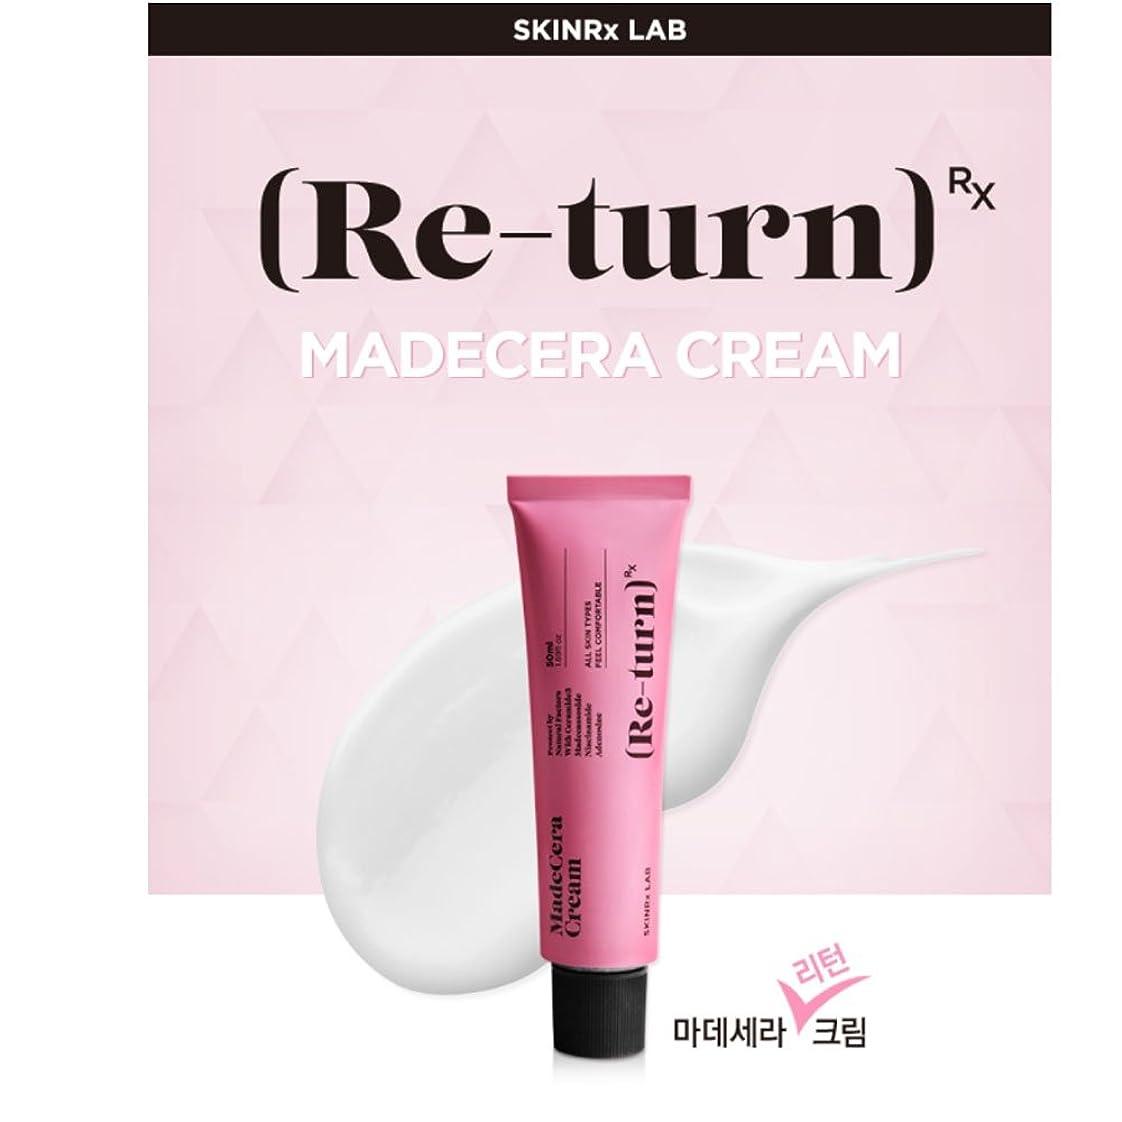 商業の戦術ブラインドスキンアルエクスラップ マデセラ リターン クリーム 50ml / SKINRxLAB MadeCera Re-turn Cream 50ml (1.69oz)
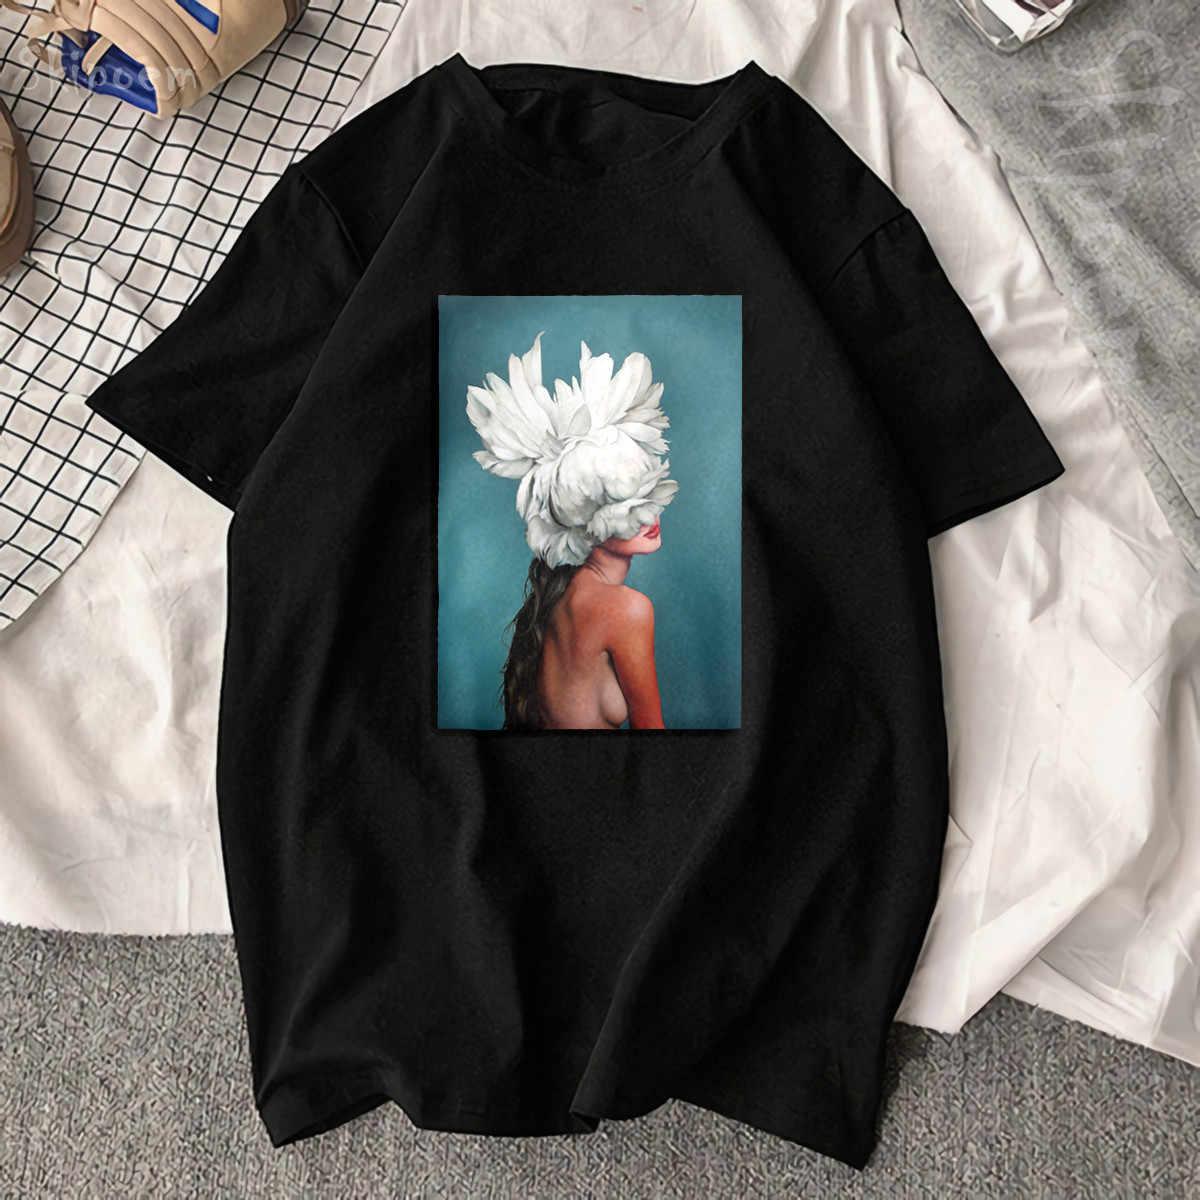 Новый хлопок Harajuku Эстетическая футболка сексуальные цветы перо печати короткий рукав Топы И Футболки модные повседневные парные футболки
- - -
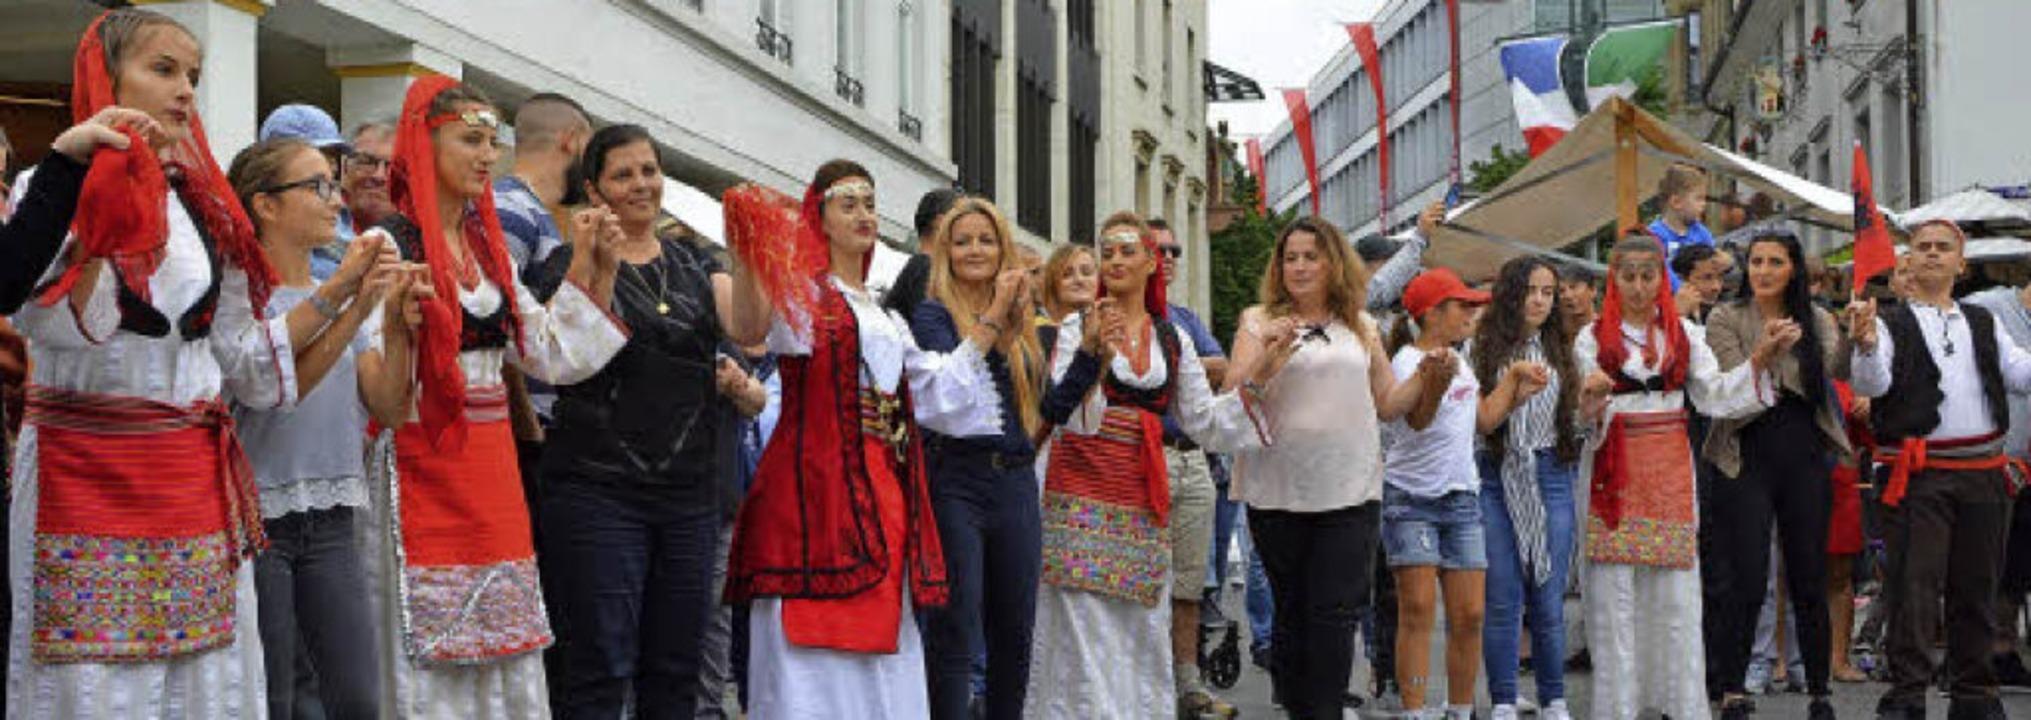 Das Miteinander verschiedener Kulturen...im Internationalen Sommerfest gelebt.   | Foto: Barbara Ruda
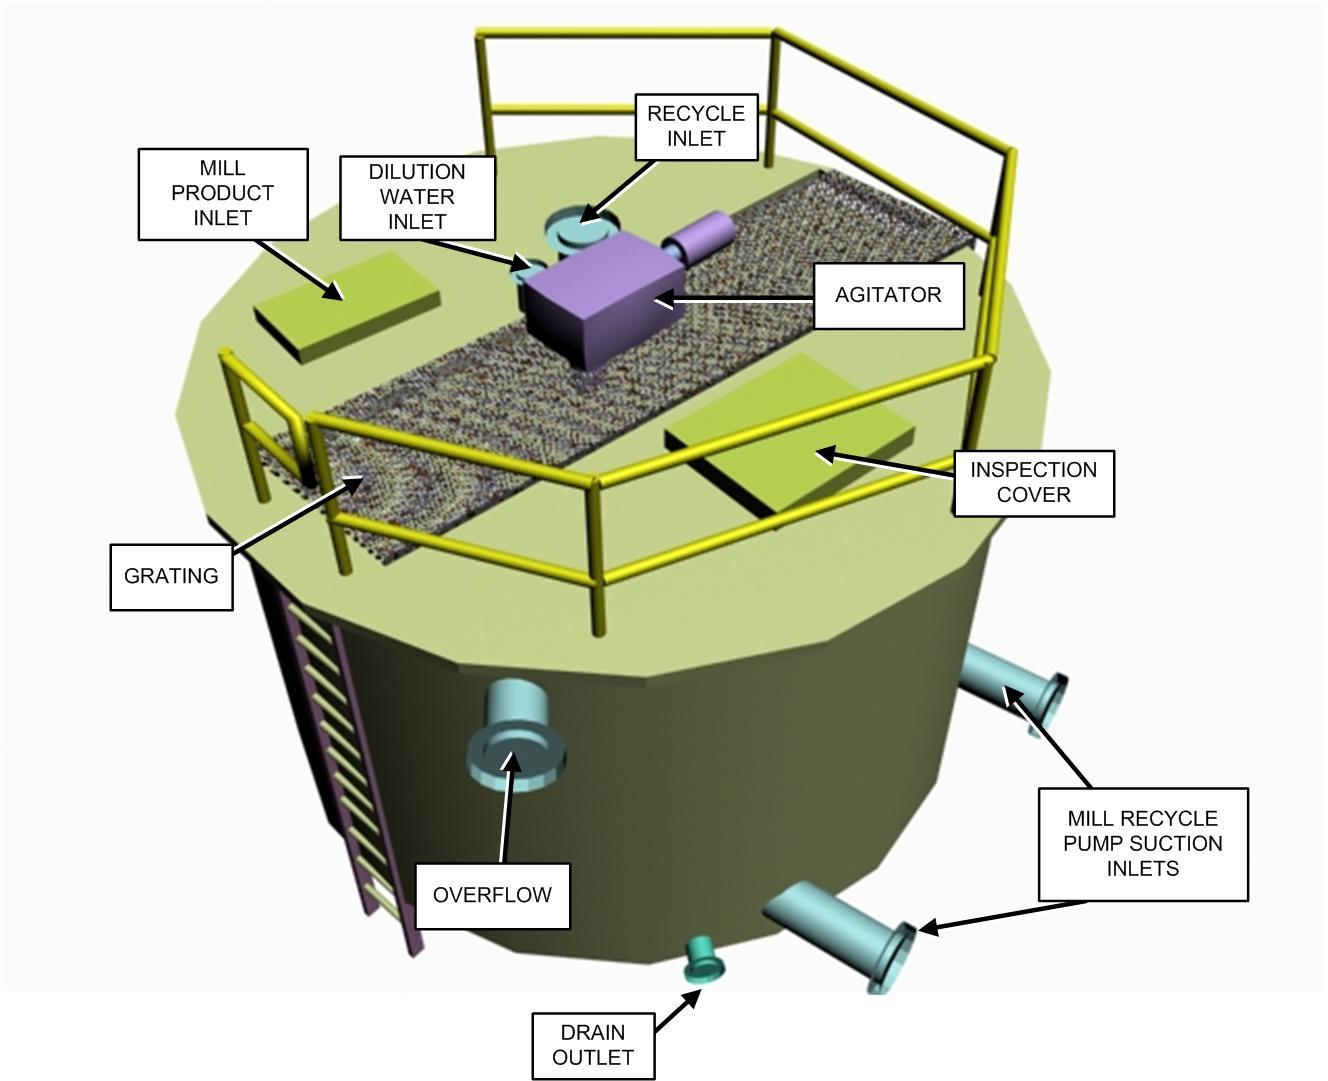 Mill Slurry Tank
- - -
### INSTRUCTIONS TO FOLLOW
Take the material above from the line bearing "Das Miteinander verschiedener" through the line bearing "Mill Slurry Tank" and write it out exactly, both end lines included. Pictures stay out.

### SOLUTION
 Das Miteinander verschiedener Kulturen...im Internationalen Sommerfest gelebt.   | Foto: Barbara Ruda
 Mill Slurry Tank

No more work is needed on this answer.